Lab 0: Environment Setup#
Introduction#
In Lab 0, you need to prepare the environment for future development. You should install the target toolchain, and use them to build a bootable image for rpi3.
Goals of this lab#
Set up the development environment.
Understand what’s cross-platform development.
Test your rpi3.
Important
This lab is an introductory lab.
It won’t be part of your final grade, but you still need to finish all todo
parts,
or you’ll be in trouble in the next lab.
Cross-Platform Development#
Cross Compiler#
Rpi3 uses ARM Cortex-A53 CPU. To compile your source code to 64-bit ARM machine code, you need a cross compiler if you develop on a non-ARM64 environment.
Todo
Install a cross compiler on your host computer.
Linker#
You might not notice the existence of linkers before.
It’s because the compiler uses the default linker script for you. (ld --verbose
to check the content)
In bare-metal programming, you should set the memory layout yourself.
This is an incomplete linker script for you. You should extend it in the following lab.
1SECTIONS
2{
3 . = 0x80000;
4 .text : { *(.text) }
5}
QEMU#
In cross-platform development, it’s easier to validate your code on an emulator first. You can use QEMU to test your code first before validating them on a real rpi3.
Warning
Although QEMU provides a machine option for rpi3, it doesn’t behave the same as a real rpi3. You should validate your code on your rpi3, too.
Todo
Install qemu-system-aarch64
.
From Source Code to Kernel Image#
You have the basic knowledge of the toolchain for cross-platform development. Now, it’s time to practice them.
From Source Code to Object Files#
Source code is converted to object files by a cross compiler.
After saving the following assembly as a.S
,
you can convert it to an object file by aarch64-linux-gnu-gcc -c a.S
.
Or if you would like to, you can also try llvm’s linker clang -mcpu=cortex-a53 --target=aarch64-rpi3-elf -c a.S
,
especially if you are trying to develop on macOS.
.section ".text"
_start:
wfe
b _start
From Object Files to ELF#
A linker links object files to an ELF file. An ELF file can be loaded and executed by program loaders. Program loaders are usually provided by the operating system in a regular development environment. In bare-metal programming, ELF can be loaded by some bootloaders.

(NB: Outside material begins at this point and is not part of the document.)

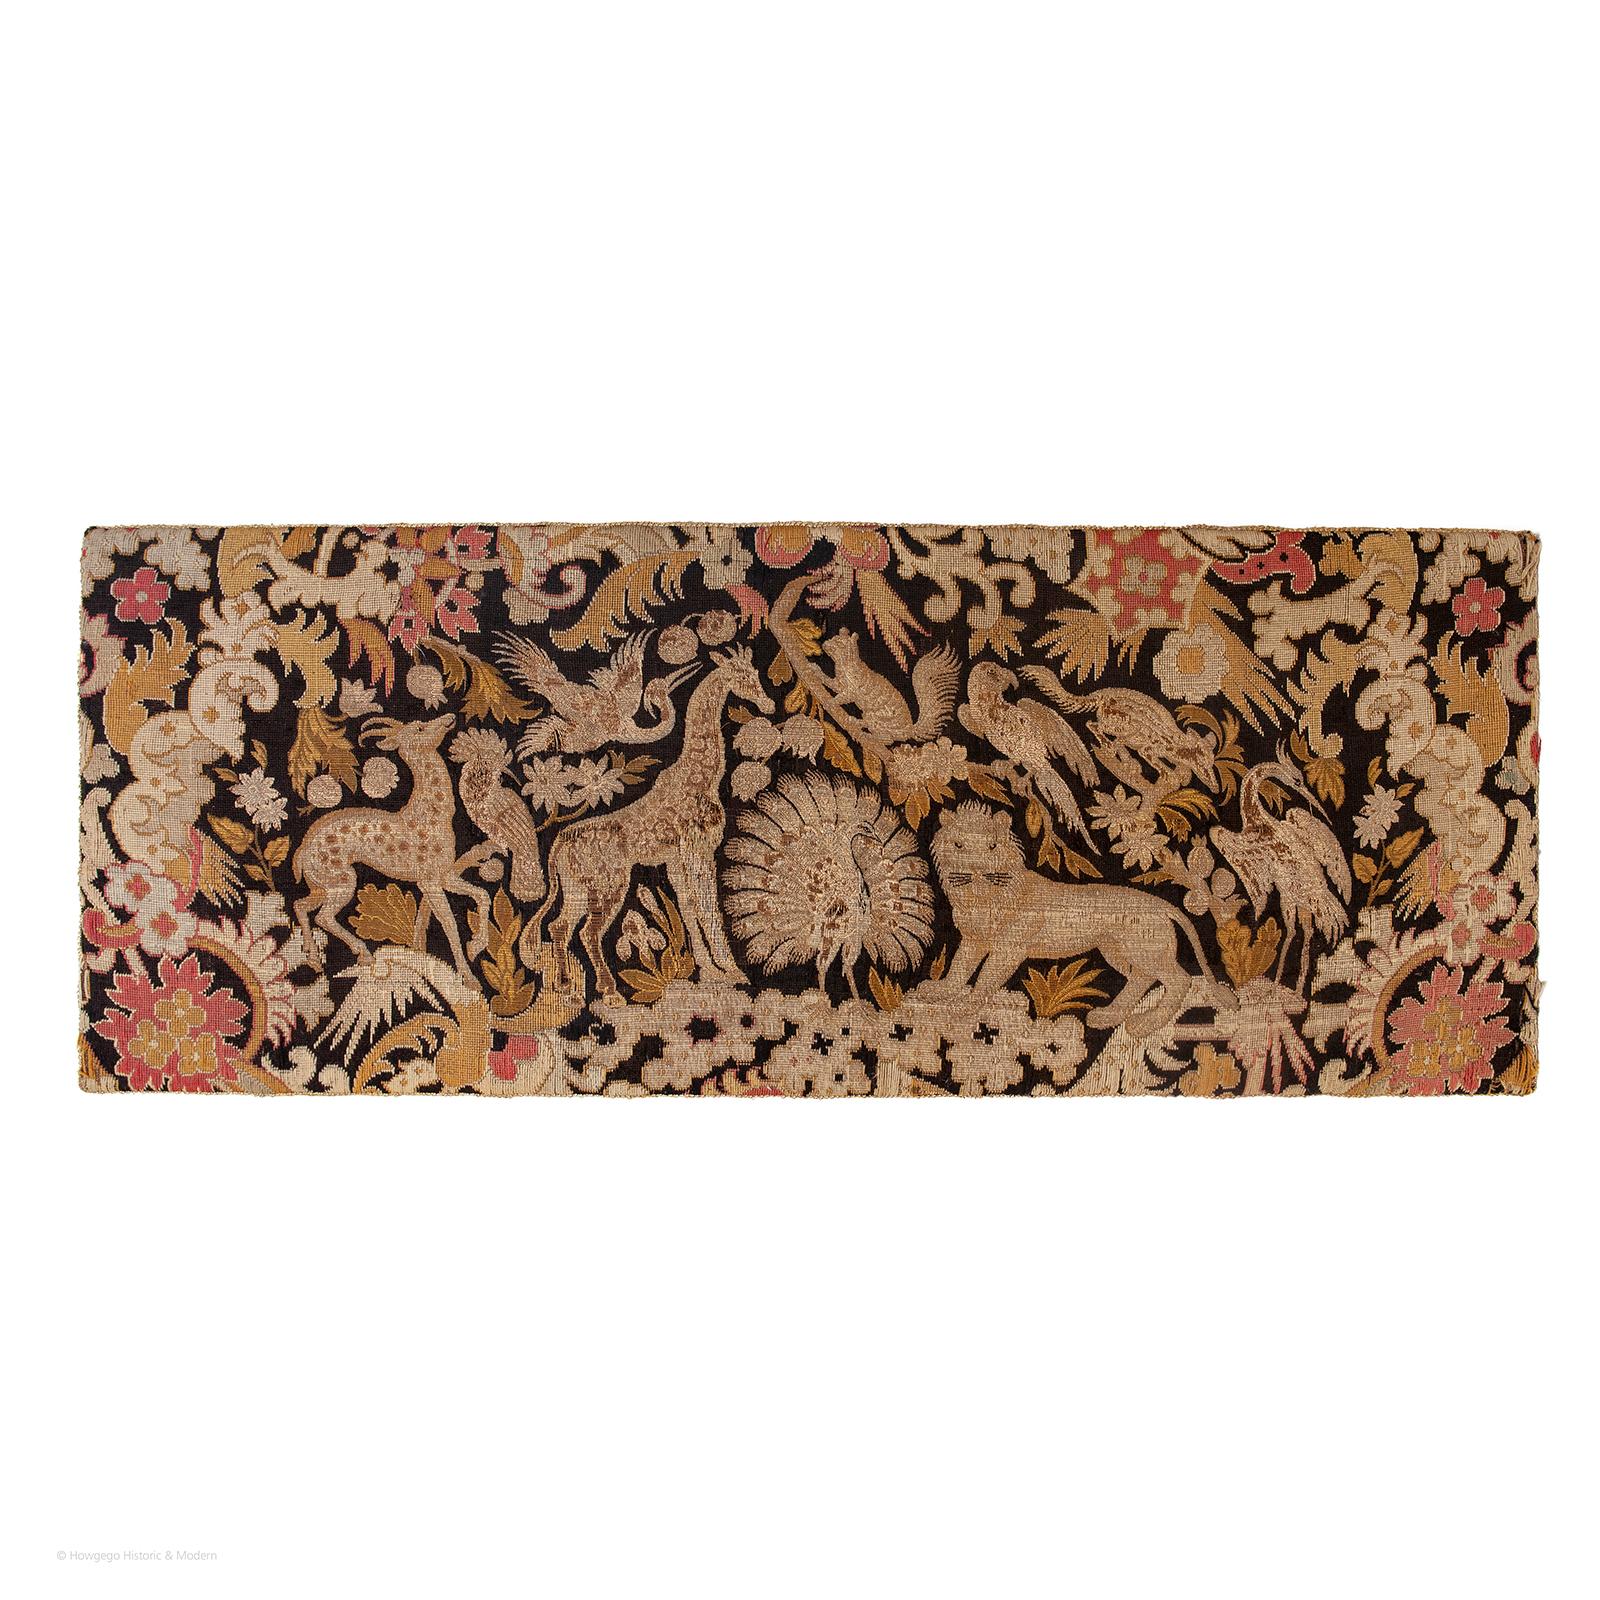 Tapestry Peacock, Girafe, Lion, Deer, Exotic Birds Floral Folk Naive For Sale

To convert the object file from the previous step to an ELF file,
you can save the provided linker script as linker.ld
, and run the following command.
# On GNU LD
aarch64-linux-gnu-ld -T linker.ld -o kernel8.elf a.o
# On LLVM
ld.lld -m aarch64elf -T linker.ld -o kernel8.elf a.o
From ELF to Kernel Image#
Rpi3’s bootloader can’t load ELF files.
Hence, you need to convert the ELF file to a raw binary image.
You can use objcopy
to convert ELF files to raw binary.
aarch64-linux-gnu-objcopy -O binary kernel8.elf kernel8.img
# Or
llvm-objcopy --output-target=aarch64-rpi3-elf -O binary kernel8.elf kernle8.img
Check on QEMU#
After building, you can use QEMU to see the dumped assembly.
qemu-system-aarch64 -M raspi3b -kernel kernel8.img -display none -d in_asm
Todo
Build your first kernel image, and check it on QEMU.
Deploy to REAL Rpi3#
Flash Bootable Image to SD Card#
To prepare a bootable image for rpi3, you have to prepare at least the following stuff.

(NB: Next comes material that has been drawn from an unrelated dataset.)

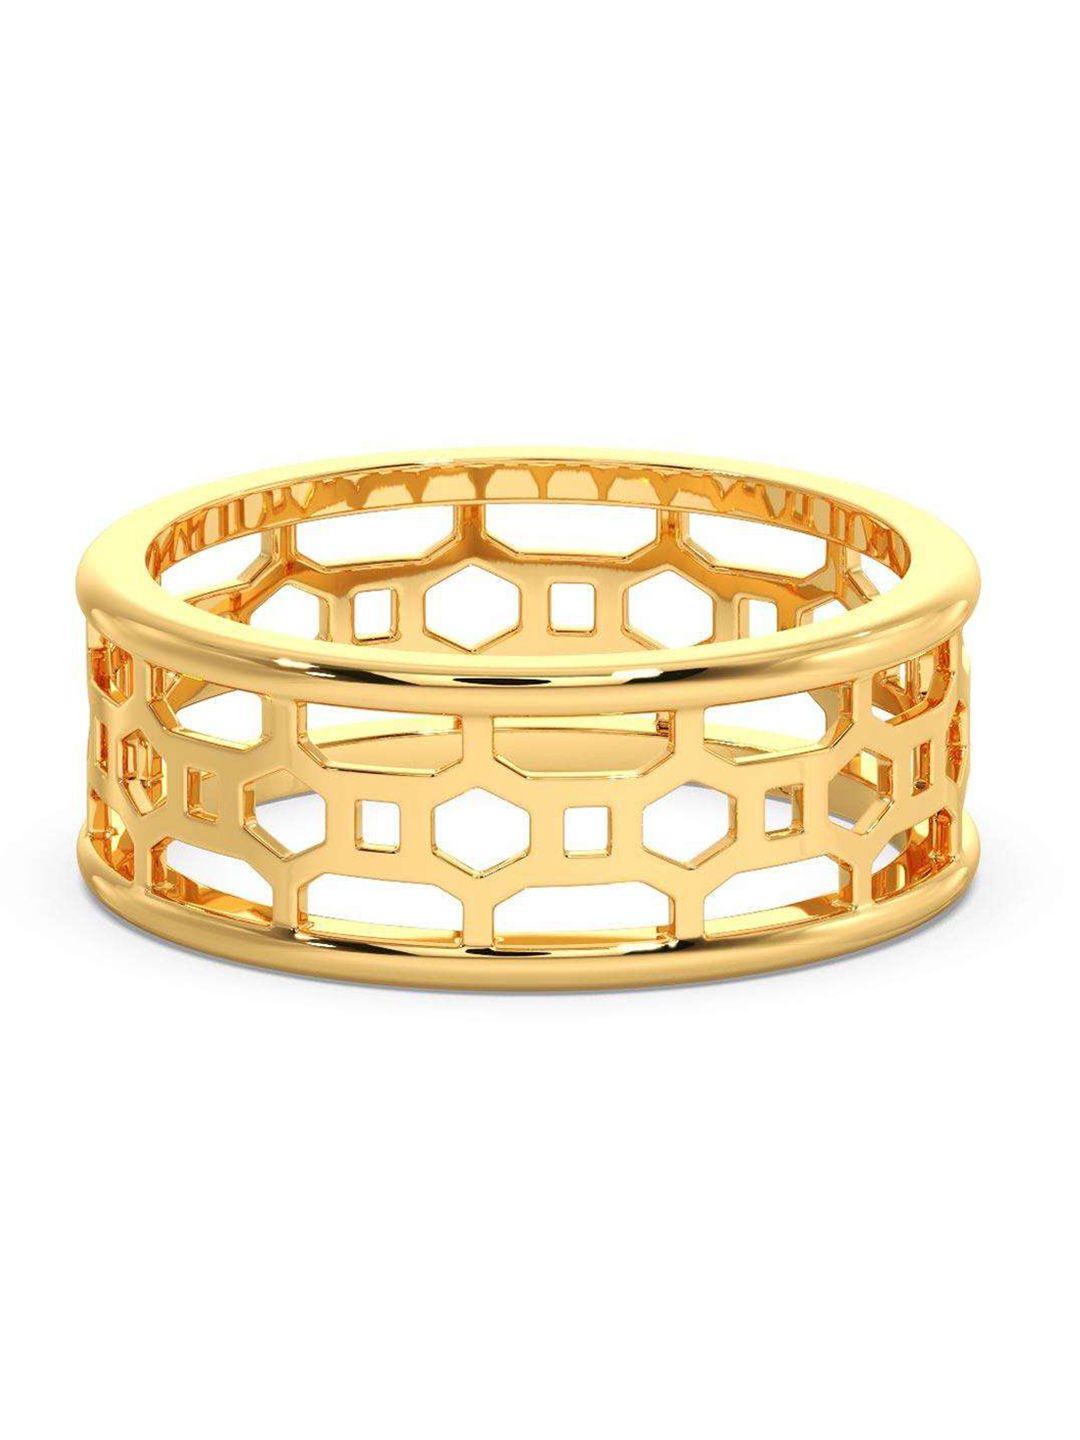 candere-a-kalyan-jewellers-company-men-14kt-bis-hallmark-gold-ring---3.44-gm
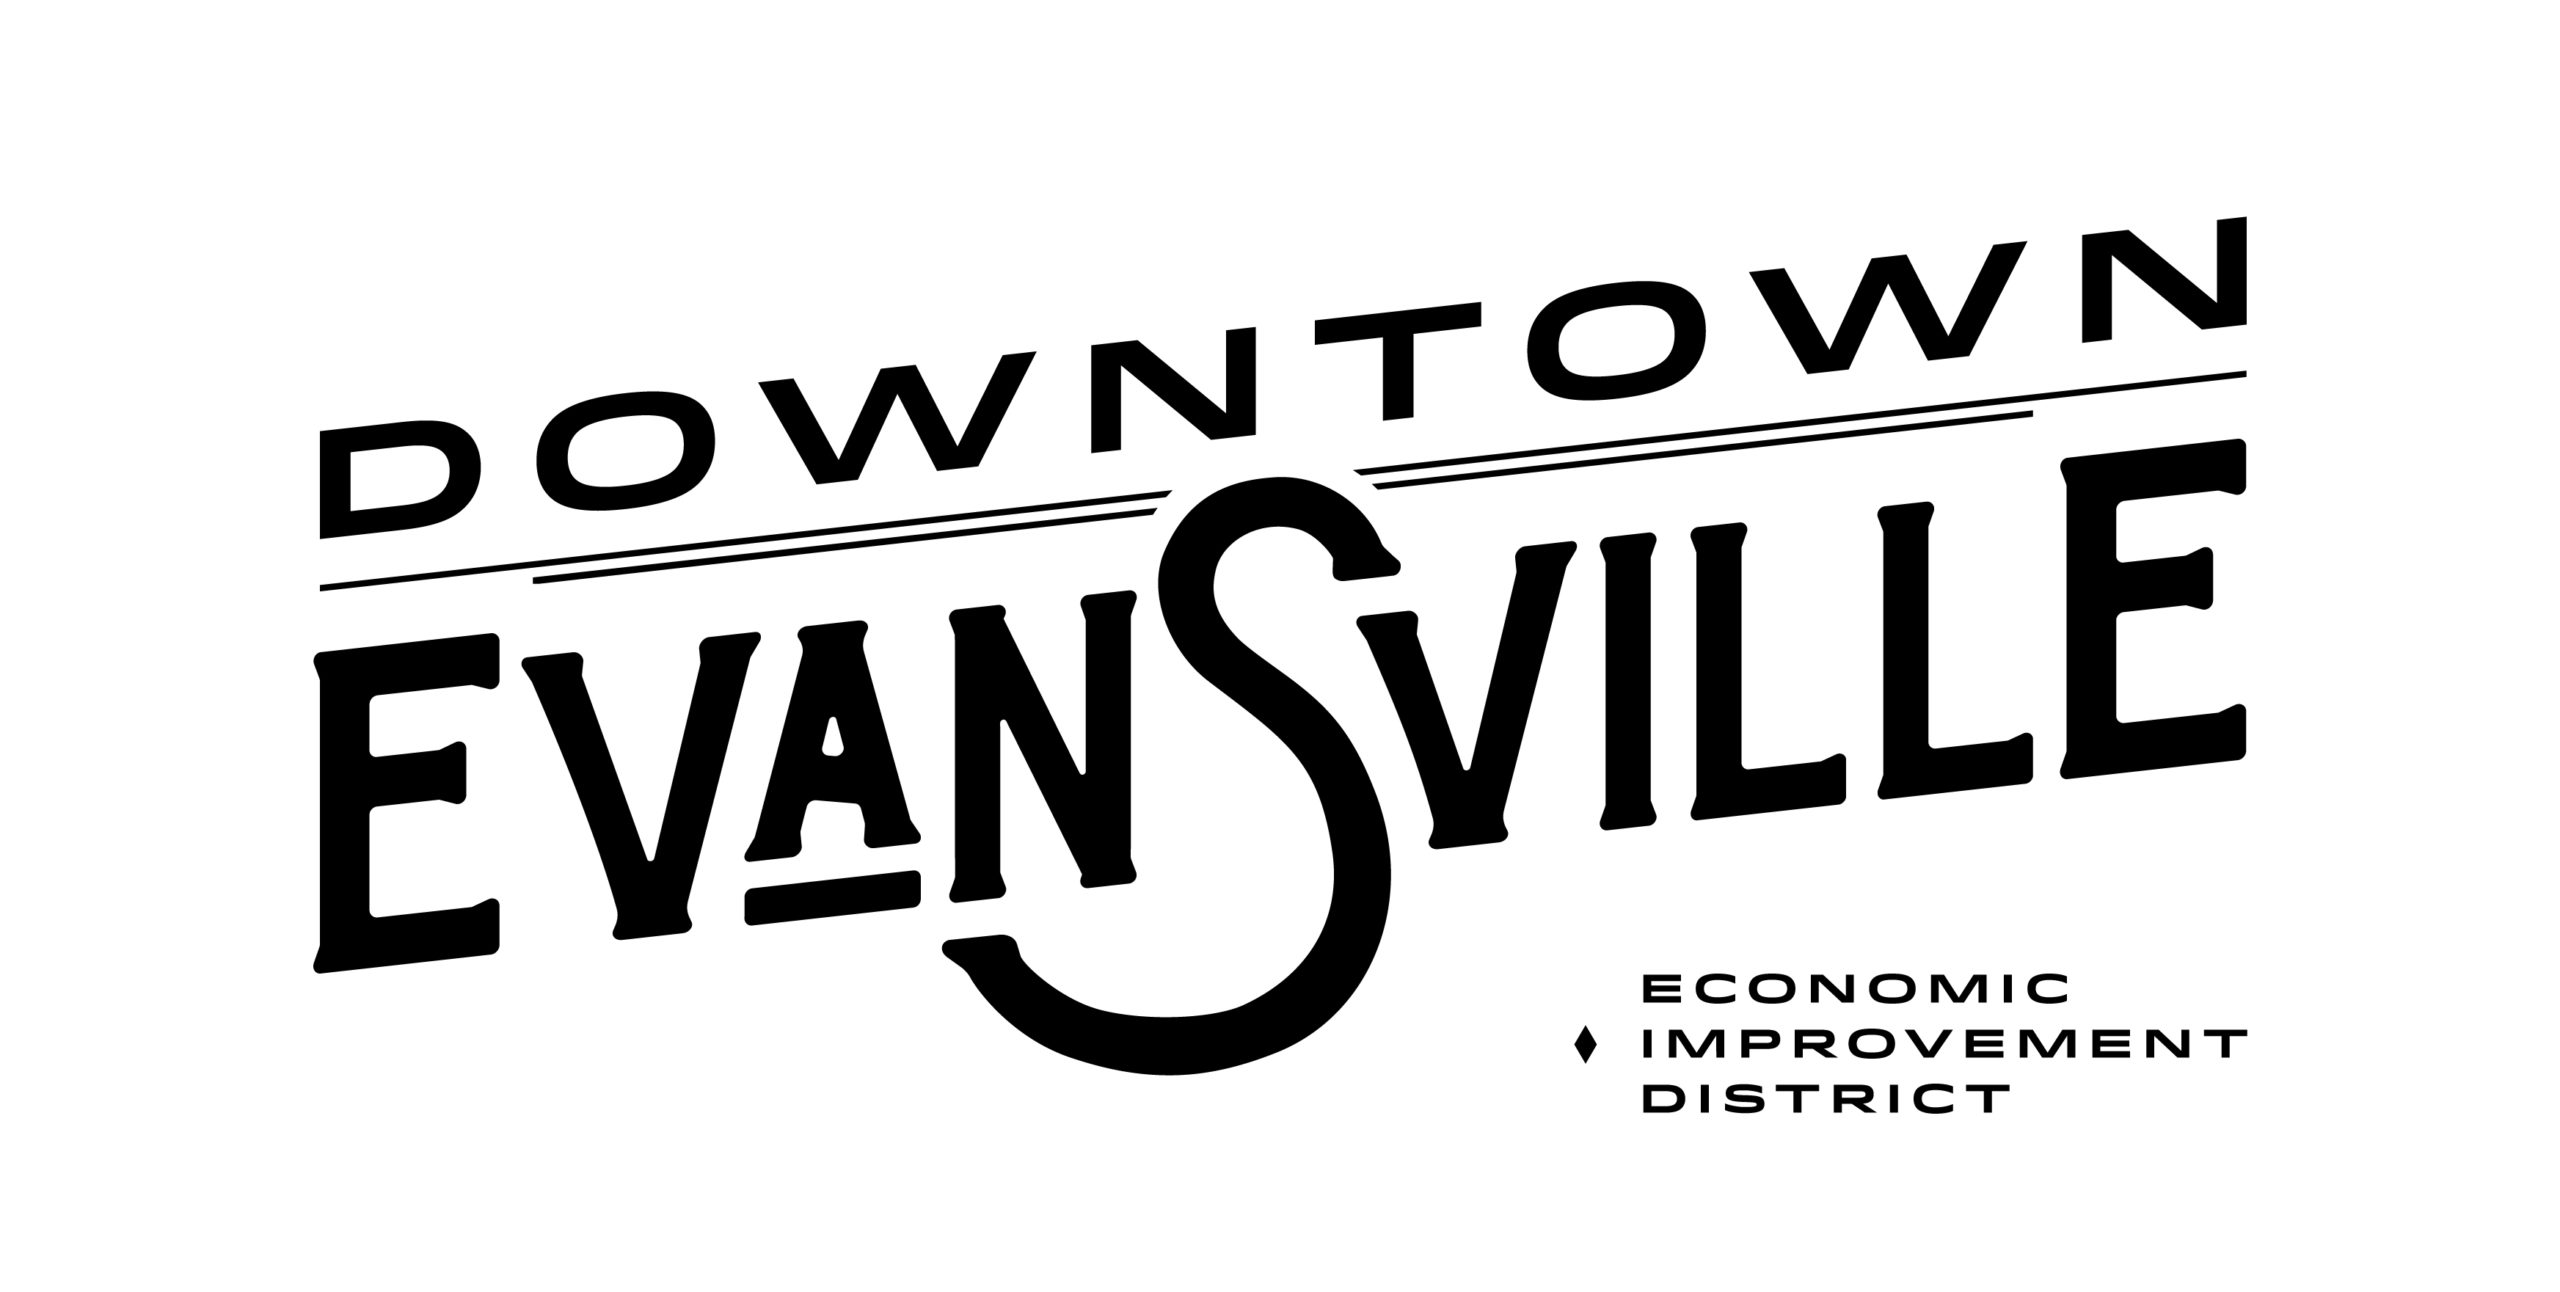 Downtown Evansville Economic Improvement District

An FAT16/32 partition contains
Firmware for GPU.
Kernel image.(kernel8.img)
There are two ways to do it.
We already prepared a bootable image.
You can use the following command to flash it to your SD card.
dd if=nycuos.img of=/dev/sdb
Warning
/dev/sdb should be replaced by your SD card device. You can check it by lsblk
It’s already partition and contains a FAT32 filesystem with firmware inside. You can mount the partition to check.
Partition the disk and prepare the booting firmware yourself. You can download the firmware from raspberrypi/firmware
bootcode.bin, fixup.dat and start.elf are essentials. More information about pi3’s booting could be checked on the official website https://www.raspberrypi.org/documentation/configuration/boot_folder.md https://www.raspberrypi.org/documentation/hardware/raspberrypi/bootmodes/README.md
Finally, put the firmware and your kernel image into the FAT partition.
Important
Besides using
mkfs.fat -F 32
to create a FAT32 filesystem, you should also set the partition type to FAT.
Todo
Use either one of the methods to set up your SD card.
Interact with Rpi3#
In our provided bootable image, it contains a kernel image that can echoes what you type through UART. You can use it to test if your Lab kits function well.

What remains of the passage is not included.